**Exercise:**
Could you restate word for word only the lines below from the one holding "Details zu Tasche" to the one holding "Print June Calendar 2021", inclusive, and leave out the pictures?

**Exercise inputs:**
* * * * *

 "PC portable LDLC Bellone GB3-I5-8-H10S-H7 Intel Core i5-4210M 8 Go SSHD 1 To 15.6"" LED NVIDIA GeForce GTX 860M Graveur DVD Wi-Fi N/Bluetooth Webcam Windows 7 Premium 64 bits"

* * * * *

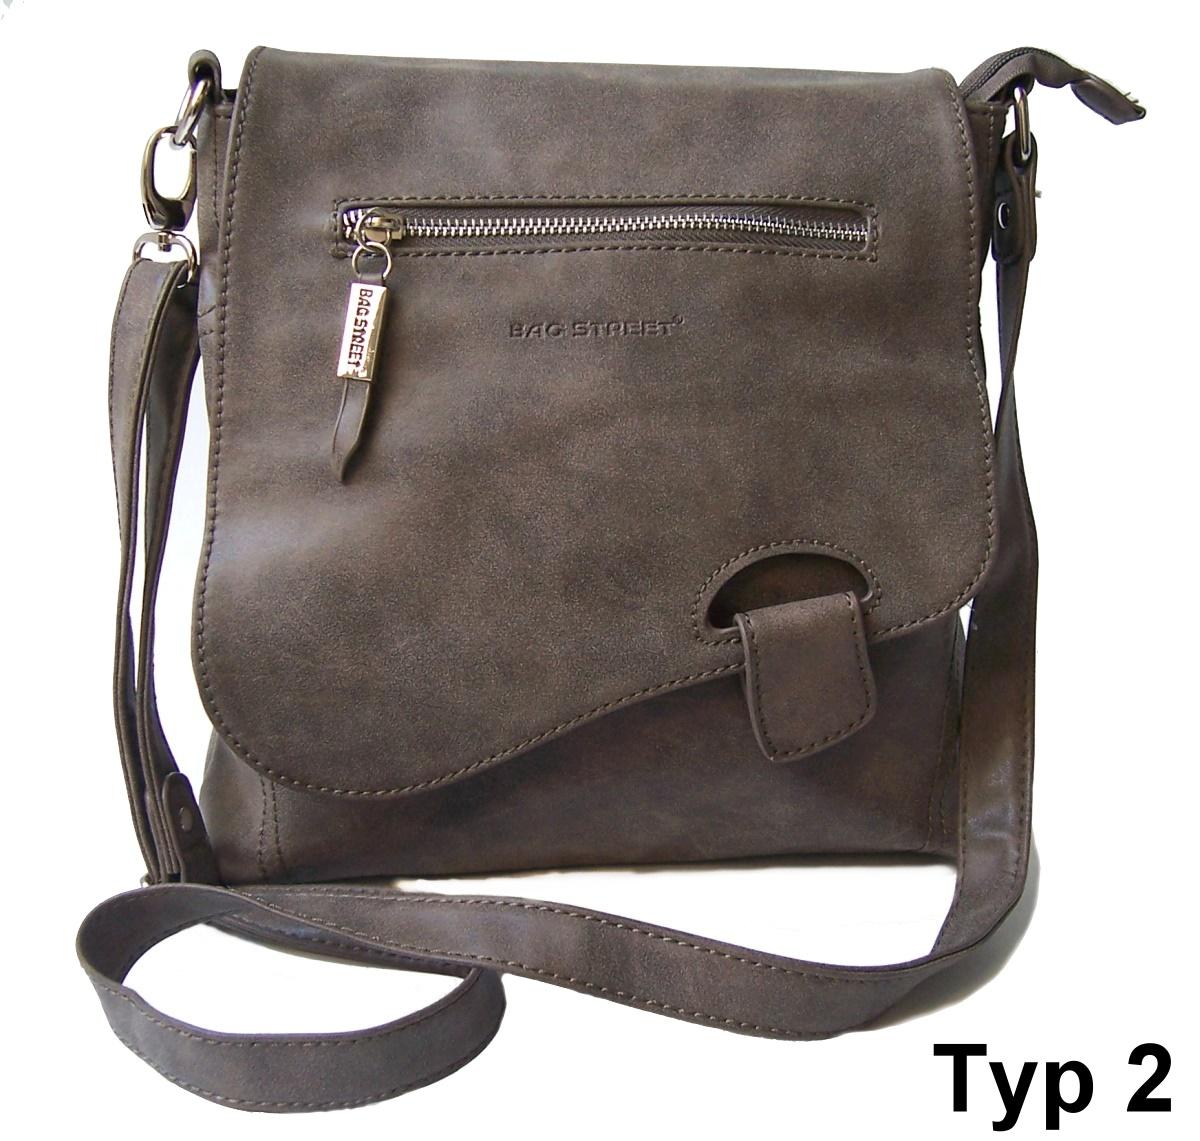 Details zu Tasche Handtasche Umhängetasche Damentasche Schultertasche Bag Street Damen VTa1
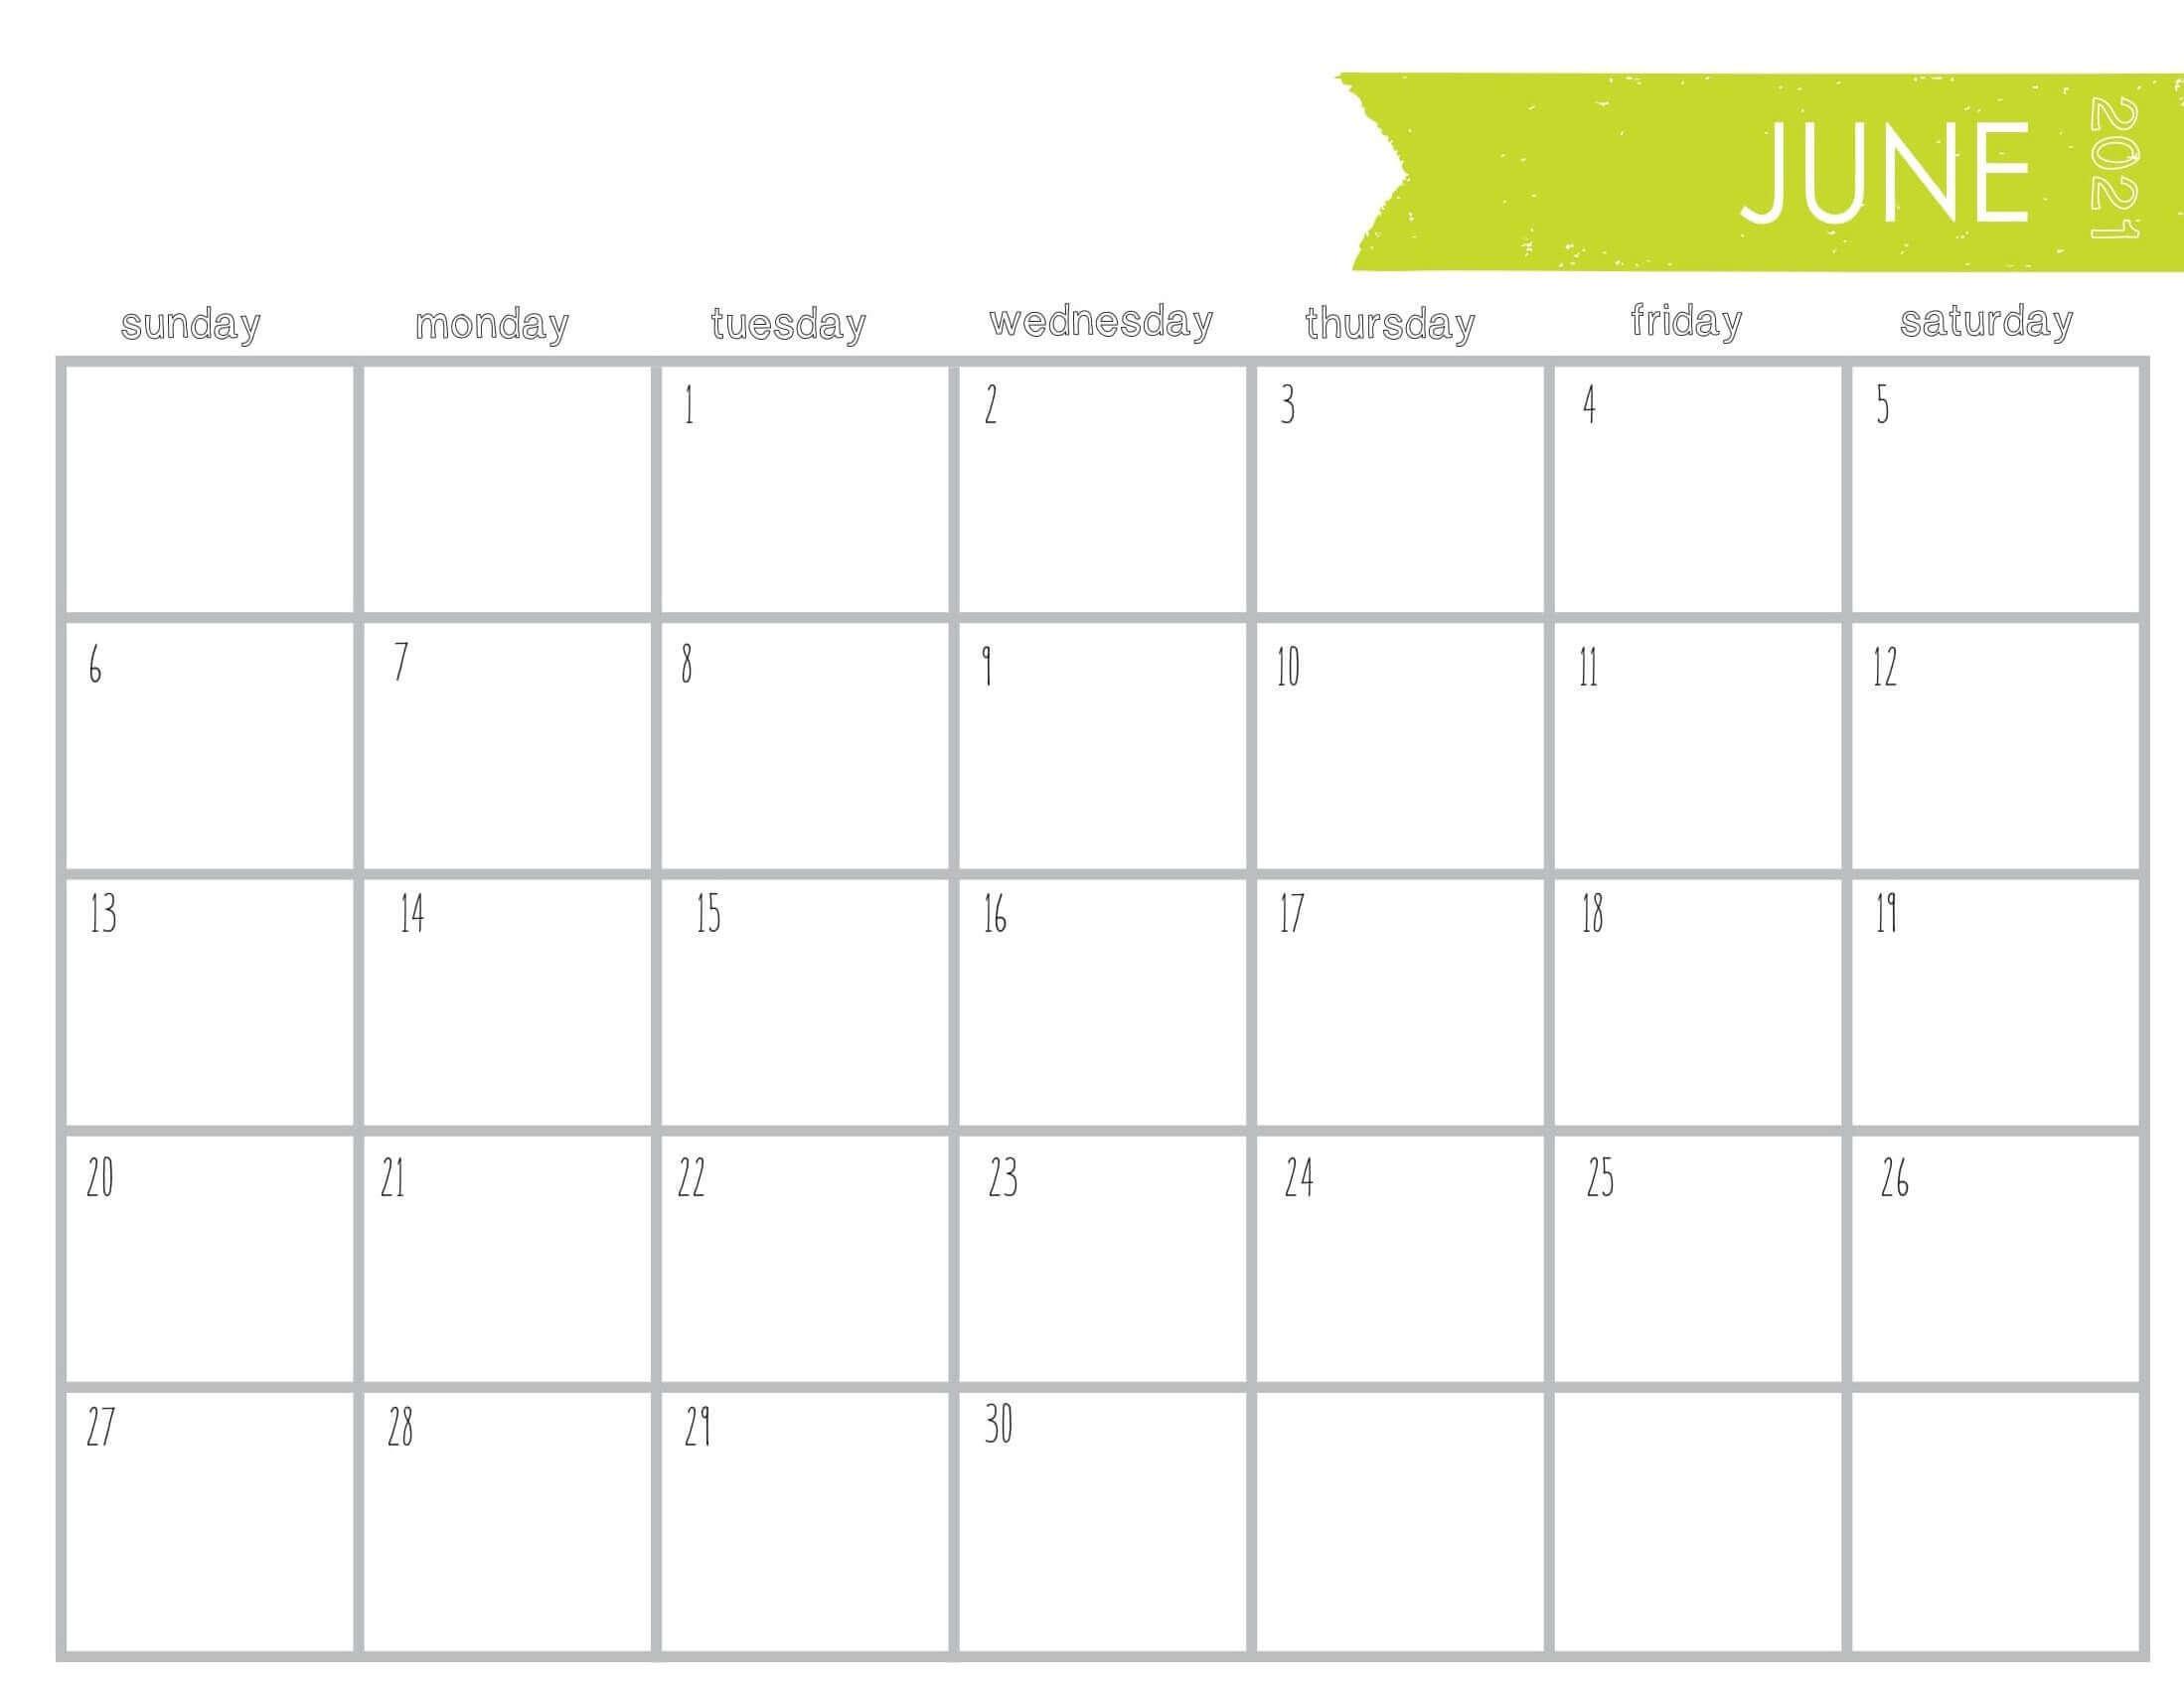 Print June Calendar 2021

* * * * *

**Finished exercise:**
 Details zu Tasche Handtasche Umhängetasche Damentasche Schultertasche Bag Street Damen VTa1
 Print June Calendar 2021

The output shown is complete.